▶ **Raw data**
----

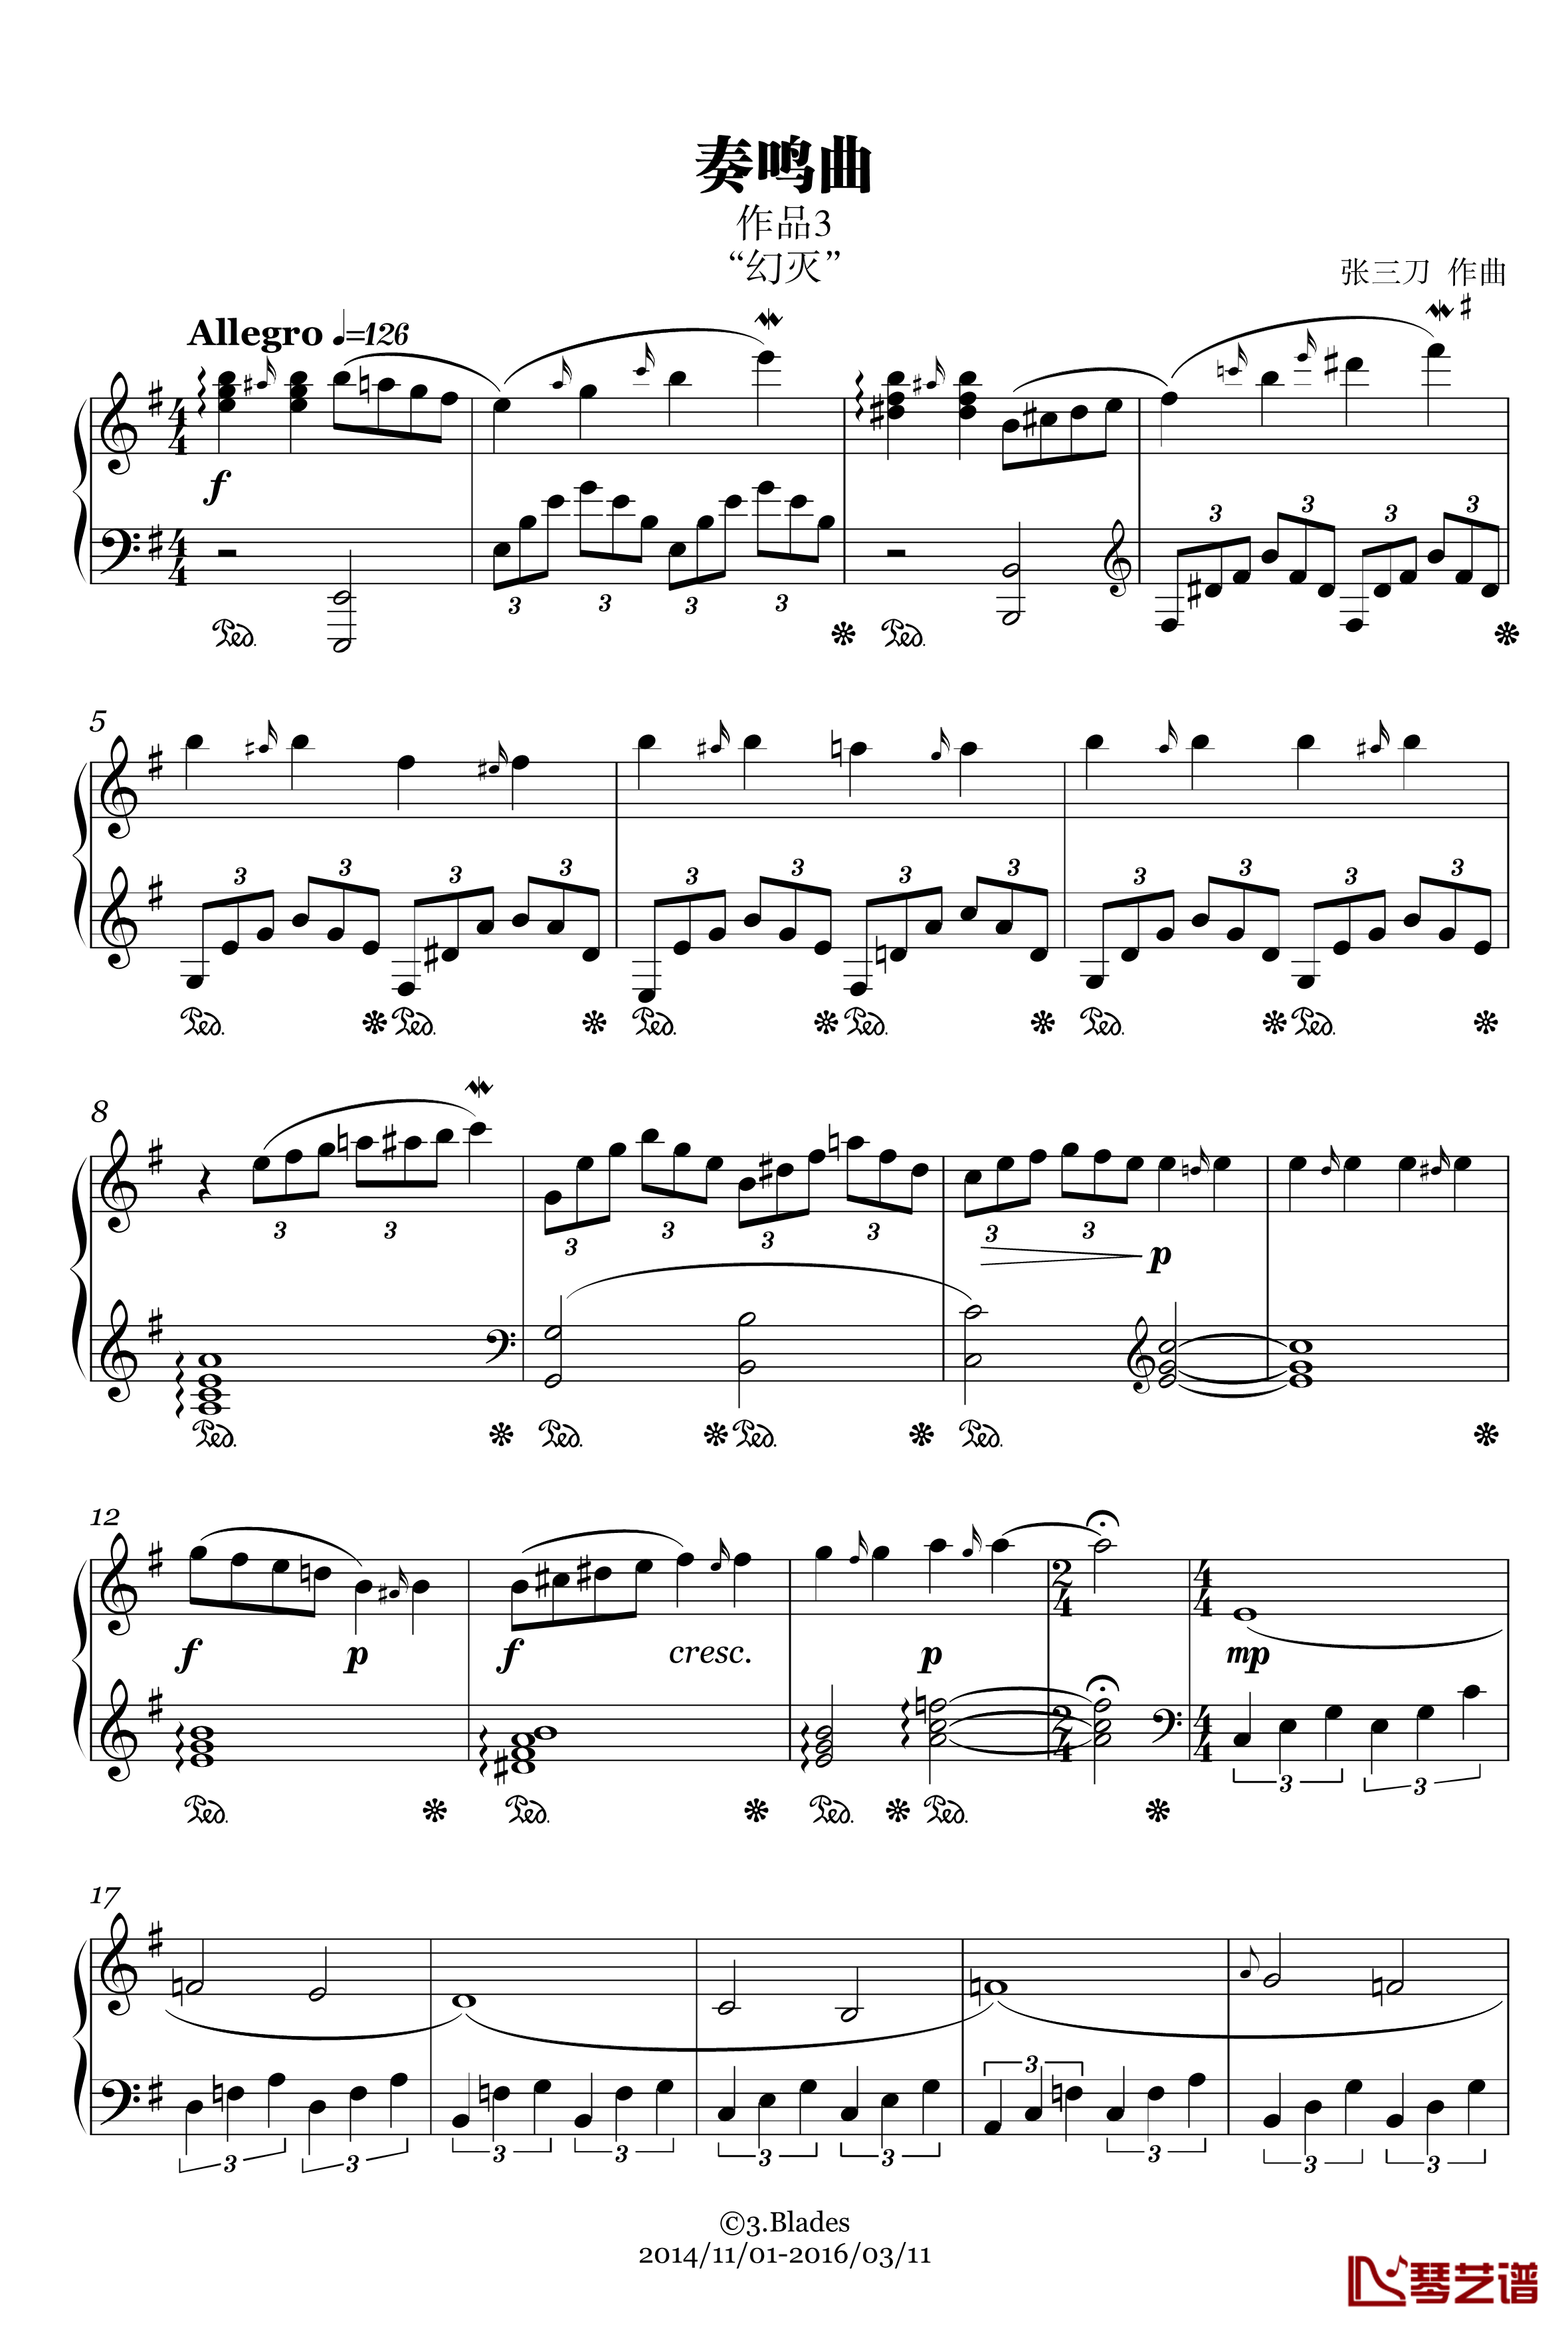 第1号钢琴奏鸣曲“幻灭”钢琴谱-作废-张三刀1
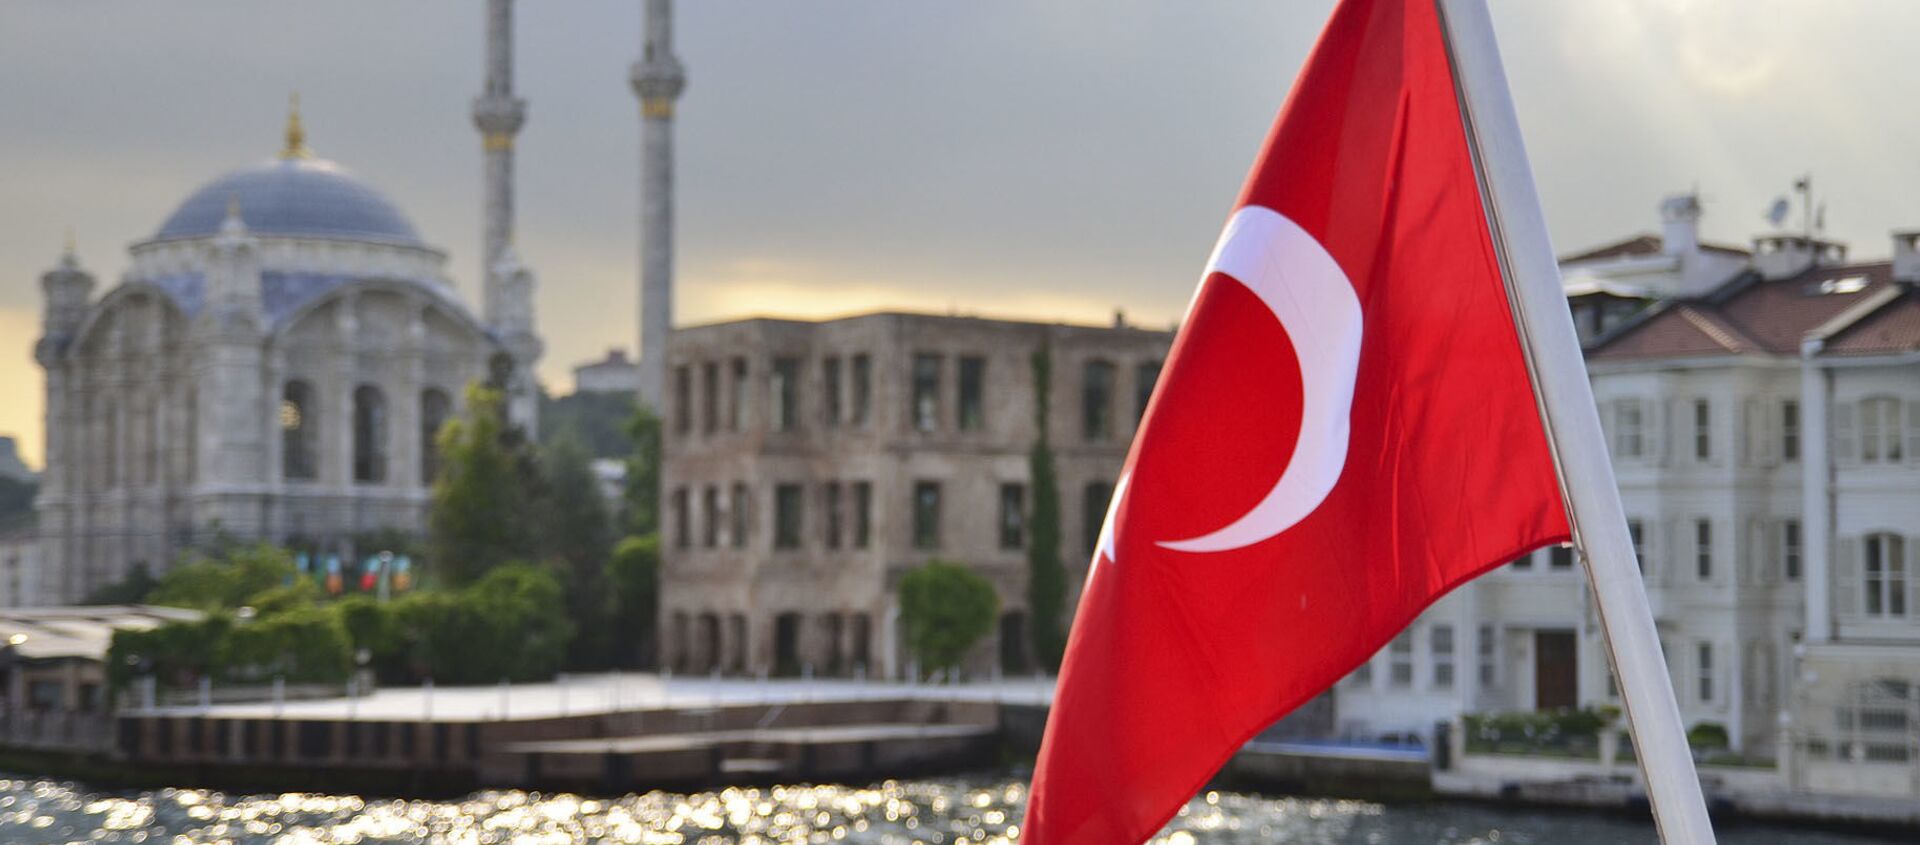 Турецкий флаг на фоне стамбульского пейзажа - Sputnik Абхазия, 1920, 13.04.2021
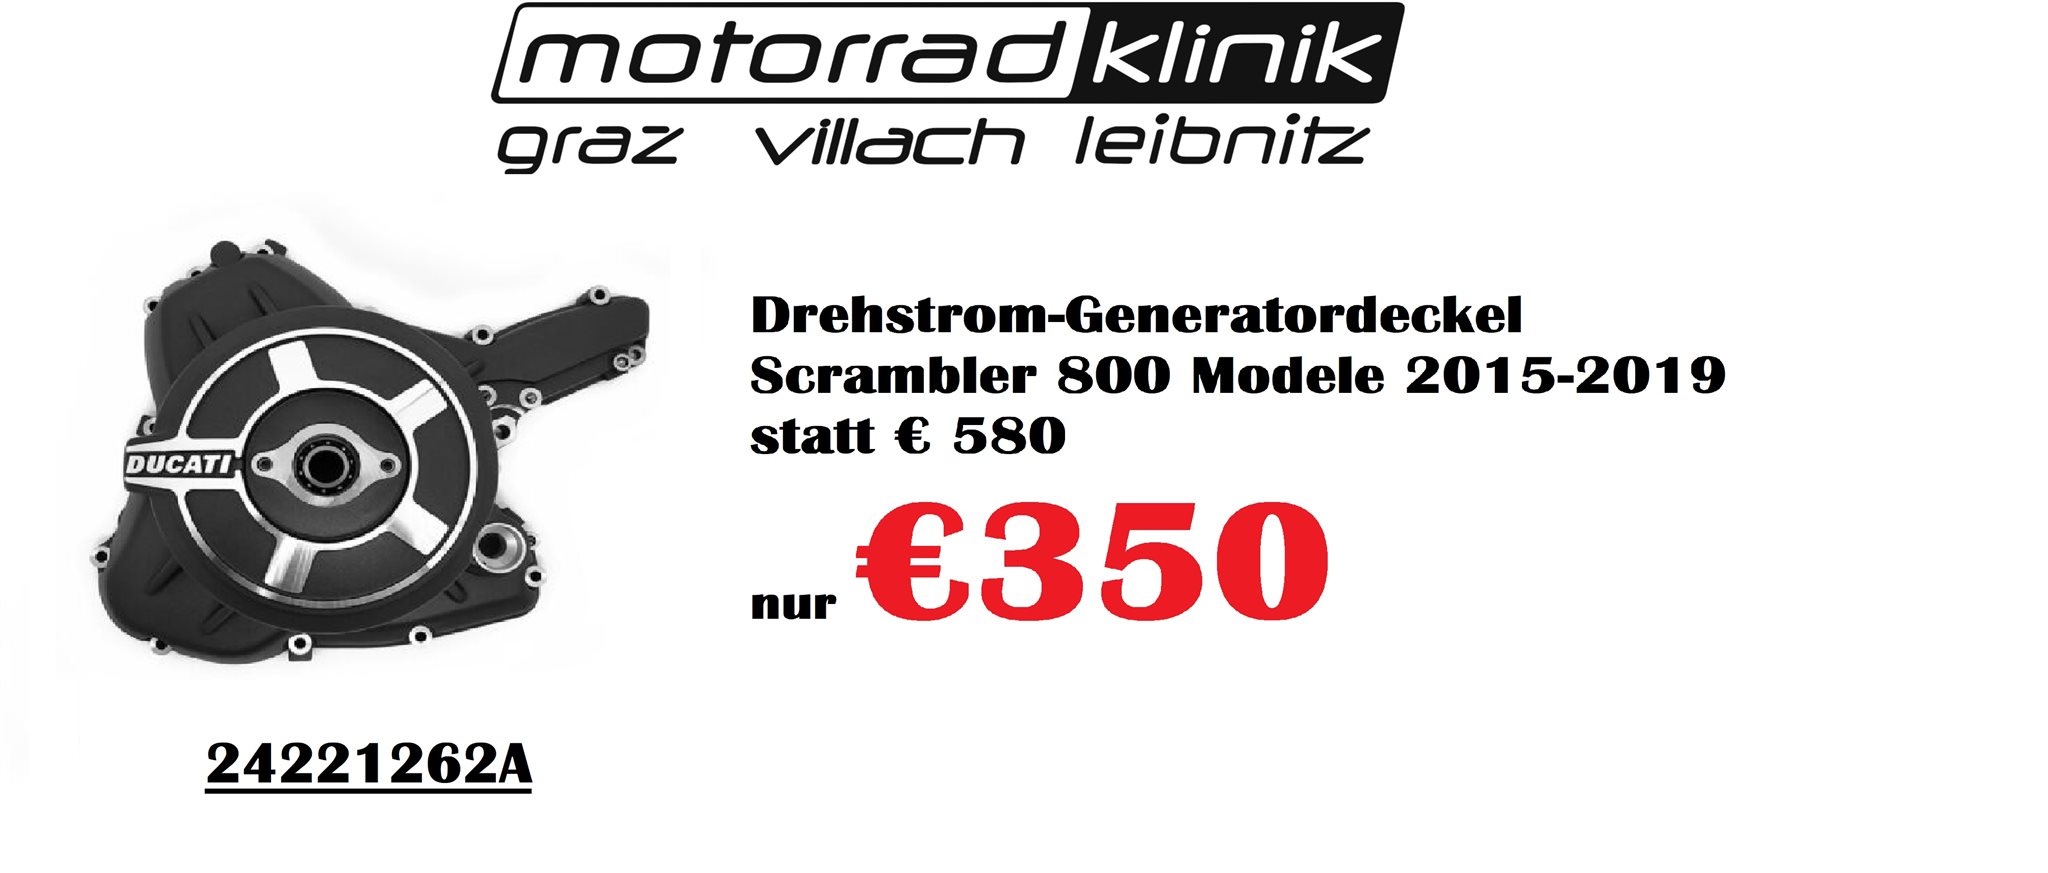 Drehstrom-Generatordeckel Scrambler 800 Modele 2015-2019 statt € 580 nur  €350 statt 580,00 EUR jetzt nur 350,00 EUR - 1000PS Shop - Sale
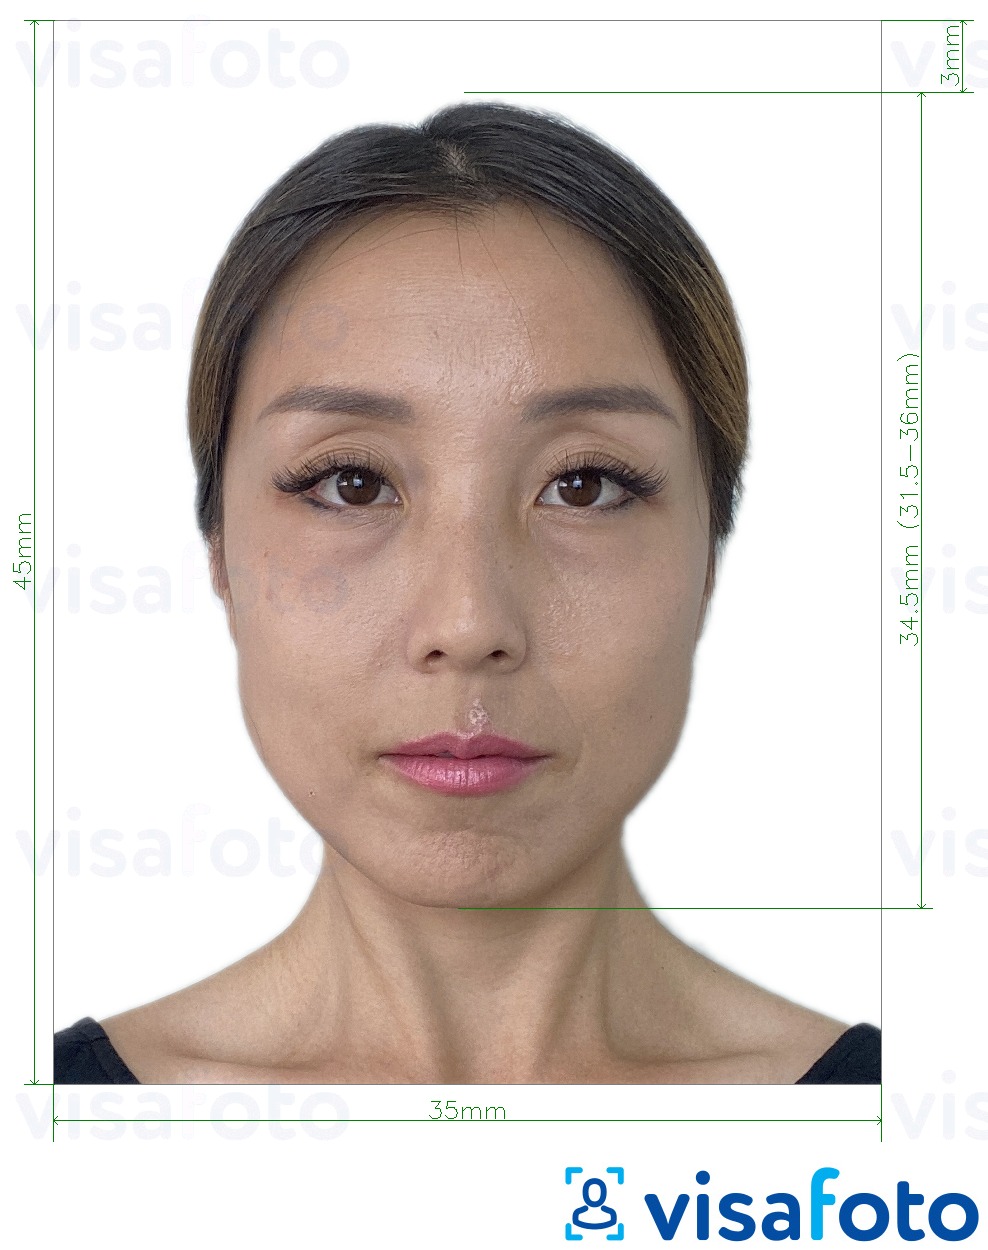 Ejemplo de foto para Taiwan Visa 35x45 mm (3.5x4.5 cm) con la especificación del tamaño exacto

----

▶ **Problem description**
All of the lines above should be copied exactly, apart from the pictures.

▶ **Reply**
 第1号钢琴奏鸣曲“幻灭”钢琴谱-作废-张三刀1
 Турецкий флаг на фоне стамбульского пейзажа - Sputnik Абхазия, 1920, 13.04.2021
 Drehstrom-Generatordeckel Scrambler 800 Modele 2015-2019 statt € 580 nur  €350 statt 580,00 EUR jetzt nur 350,00 EUR - 1000PS Shop - Sale
 Ejemplo de foto para Taiwan Visa 35x45 mm (3.5x4.5 cm) con la especificación del tamaño exacto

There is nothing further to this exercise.